Nuclear Reactor Safety • All commercial reactors constructed within the United States must contain an environmental shield that has been engineered to withstand plane crashes, extreme weather conditions, and the possibility of an explosion from within the reactor vessel. • In the case of the Three Mile Island (Harrisburg, PA)accident a small portion of the reactor core melted when the reactor coolant was accidently shut off.
Breeder Reactor • A breeder reactor is designed to create nuclear fuel from a substance that is not fissionable. • When uranium is mined nearly 99% is uranium 238. Only 1% is uranium 235. • A breeder reactor can create plutonium 239 (Pu-239) from U238. • The Pu-239 can then be used as fuel in other nuclear plants the way U235 is presently used. • The disadvantage is that Pu-239 is the material of which nuclear bombs are made.
Nuclear Fusion • A fusion reactor would be inherently safer than a fission reactor. • If a problem were to occur, simply closing the fuel feed would stop the fusion. • A practical fusion test reactor has not had much success as of yet.
Summary • Nuclear fission: involves splitting a large atom to produce two smaller atoms and a tremendous amount of energy. Nuclear fission is used to produce heat for steam to make electricity. • Nuclear power produces about 20% of the electricity in the United States. • After a period of one half life, the radioactivity of an element is decreased by 50%. • The steam generator in the pressurized water reactor (PWR) allows the turbine to be free of radioactive contamination.

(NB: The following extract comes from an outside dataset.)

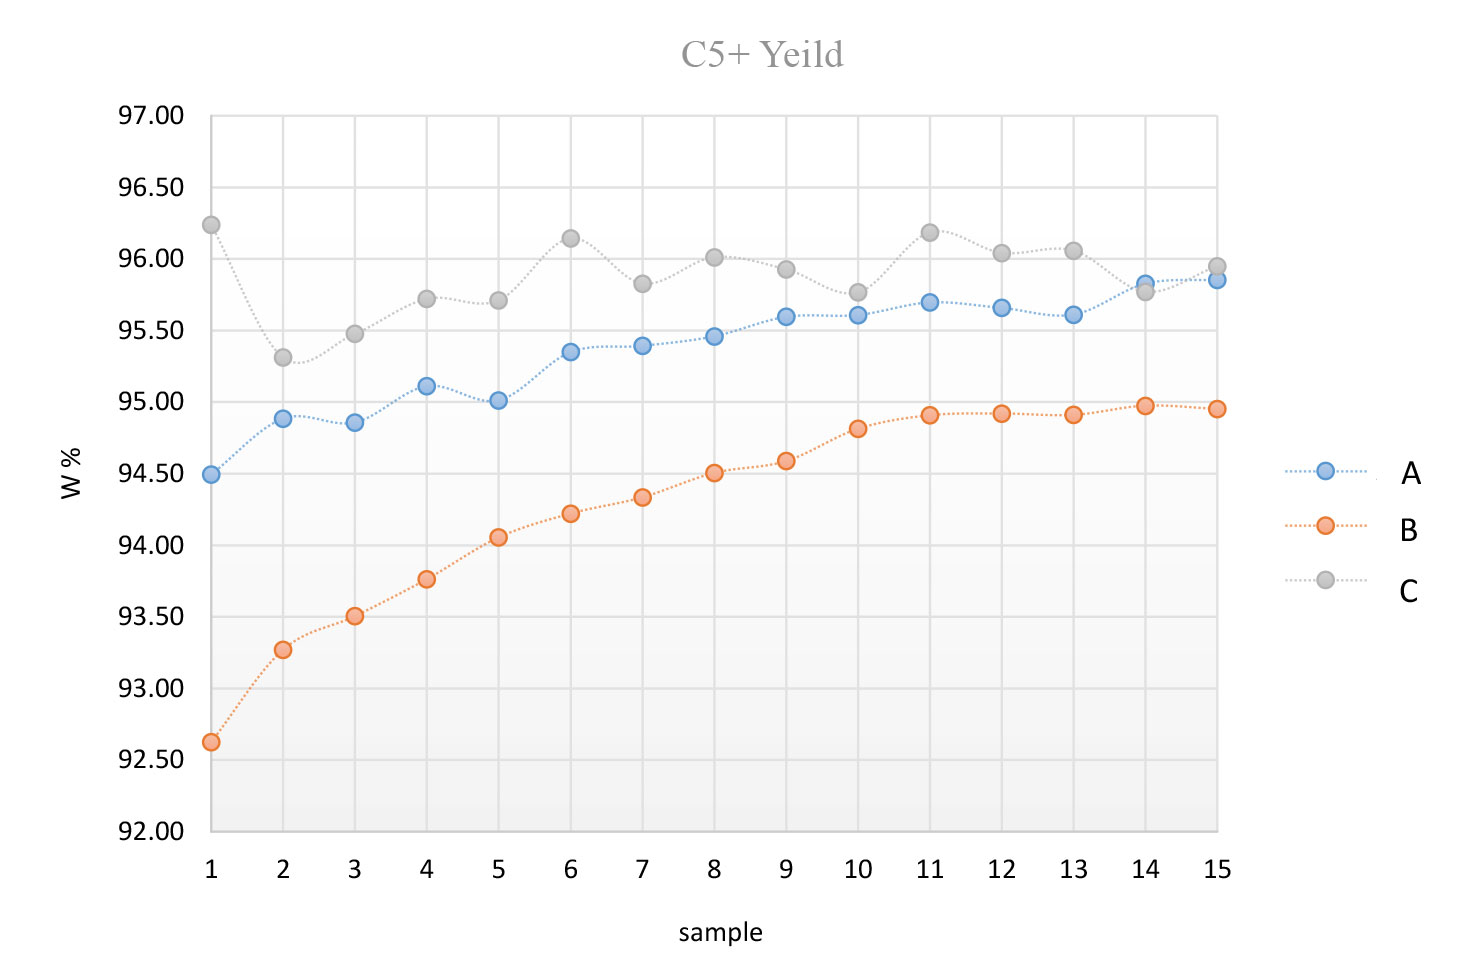 C+5 Yield
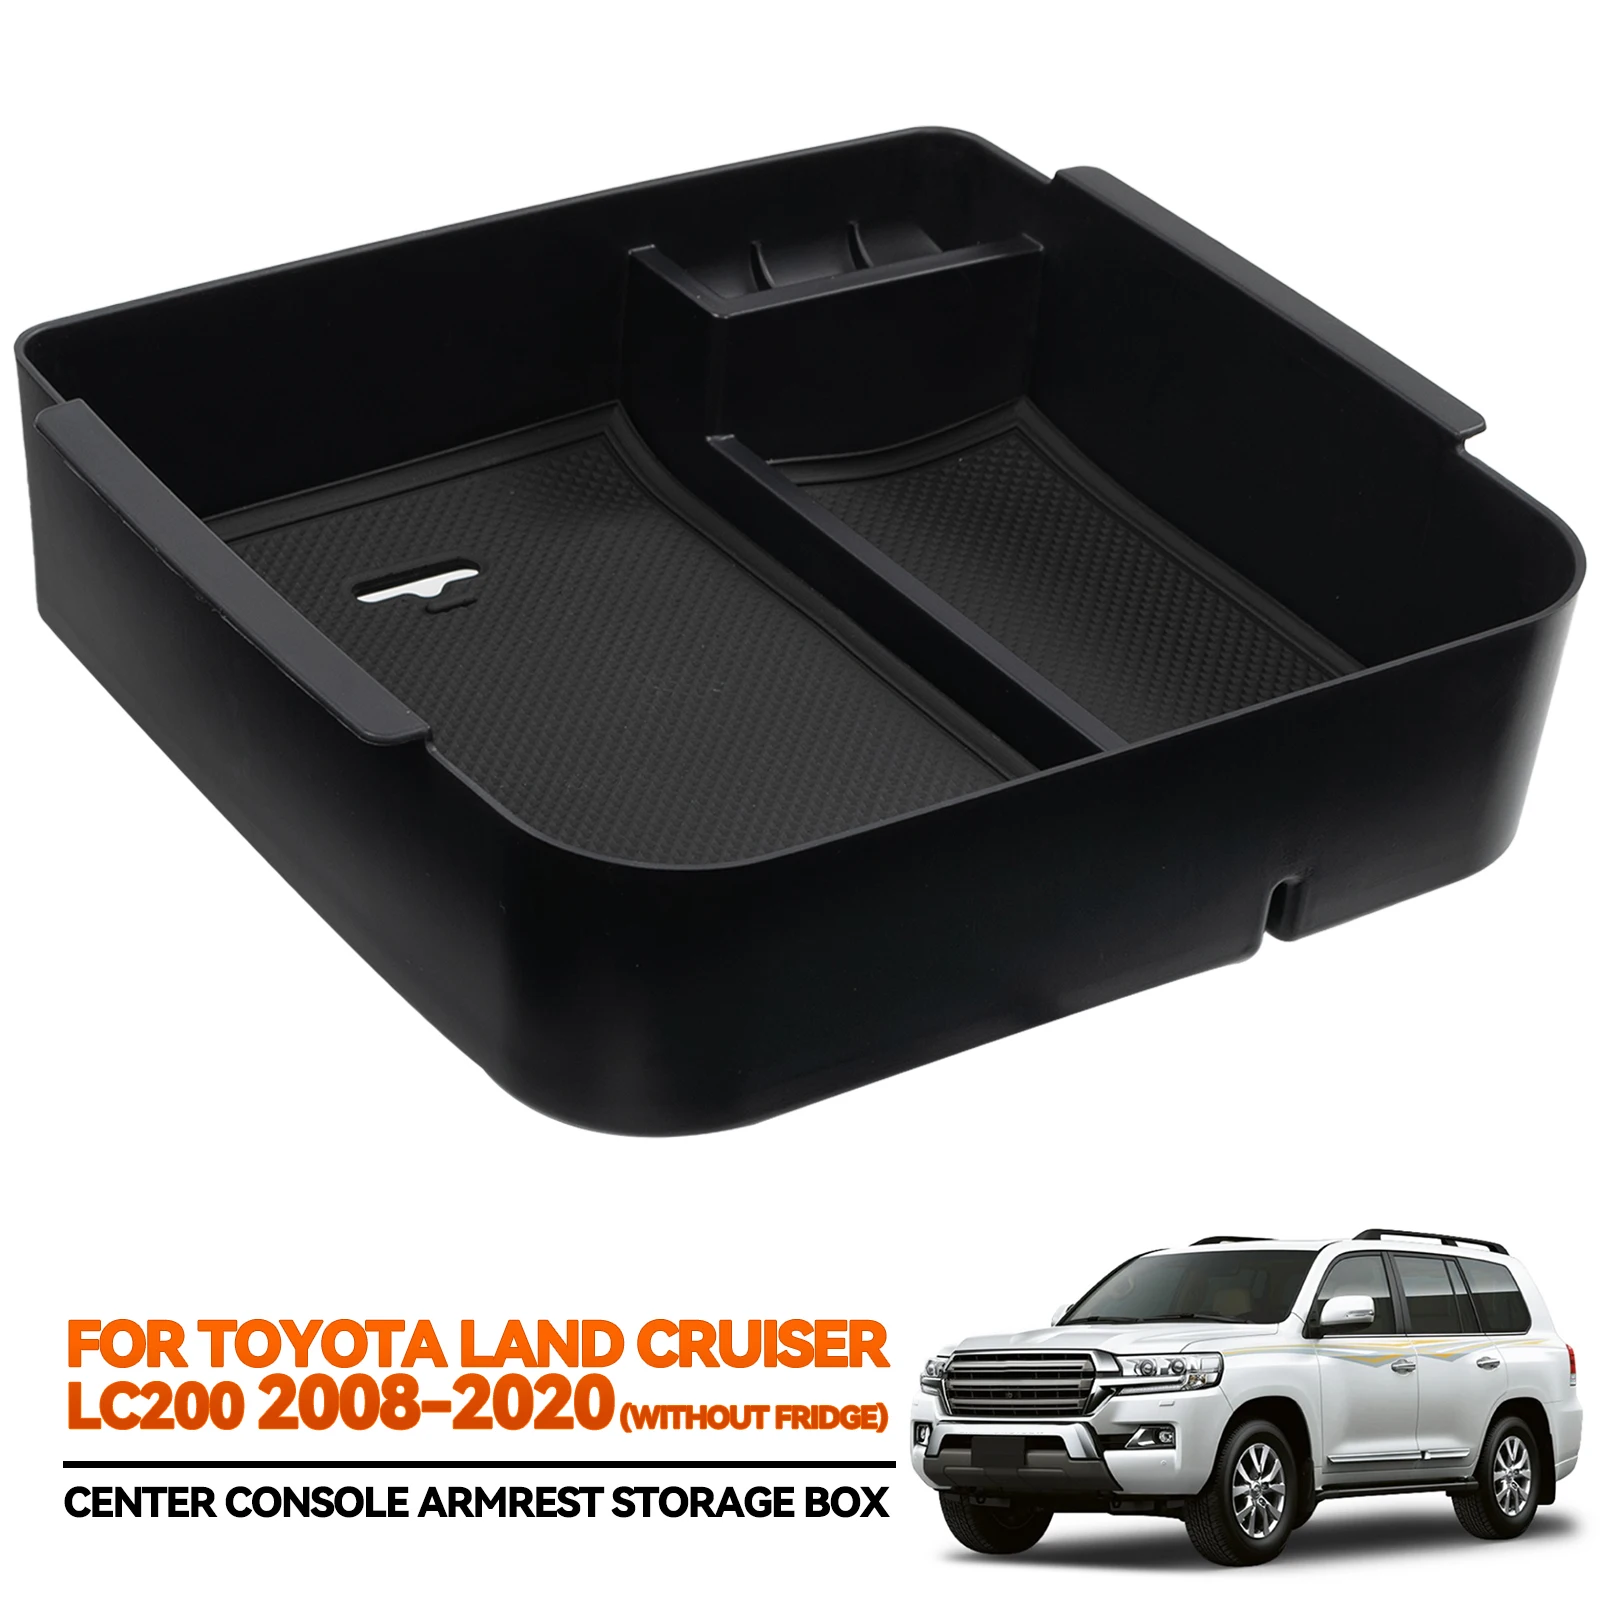 

For Toyota Land Cruiser LC200 J200 Lexus LX570 2008-2020 Interior Armrest Organizer Storage Box Container Pallet Center Console

This can be beneficial from a maintenance standpoint. • France produces about 78% of its power from nuclear power. • Almost all high level waste is stored in on site pools at various power plants. Utilities have charged their customers a 1 cent surcharge for each kilowatt hour (kWh) generated using nuclear power for development of a permanent waste disposal site.
Home Work • 1. How much electricity comes from nuclear power in the United States? • 2. What is the significance of half life of a radioactive element? • 3. What is the advantage of the pressurized water reactor (PWR) over the boiling water reactor (BWR)?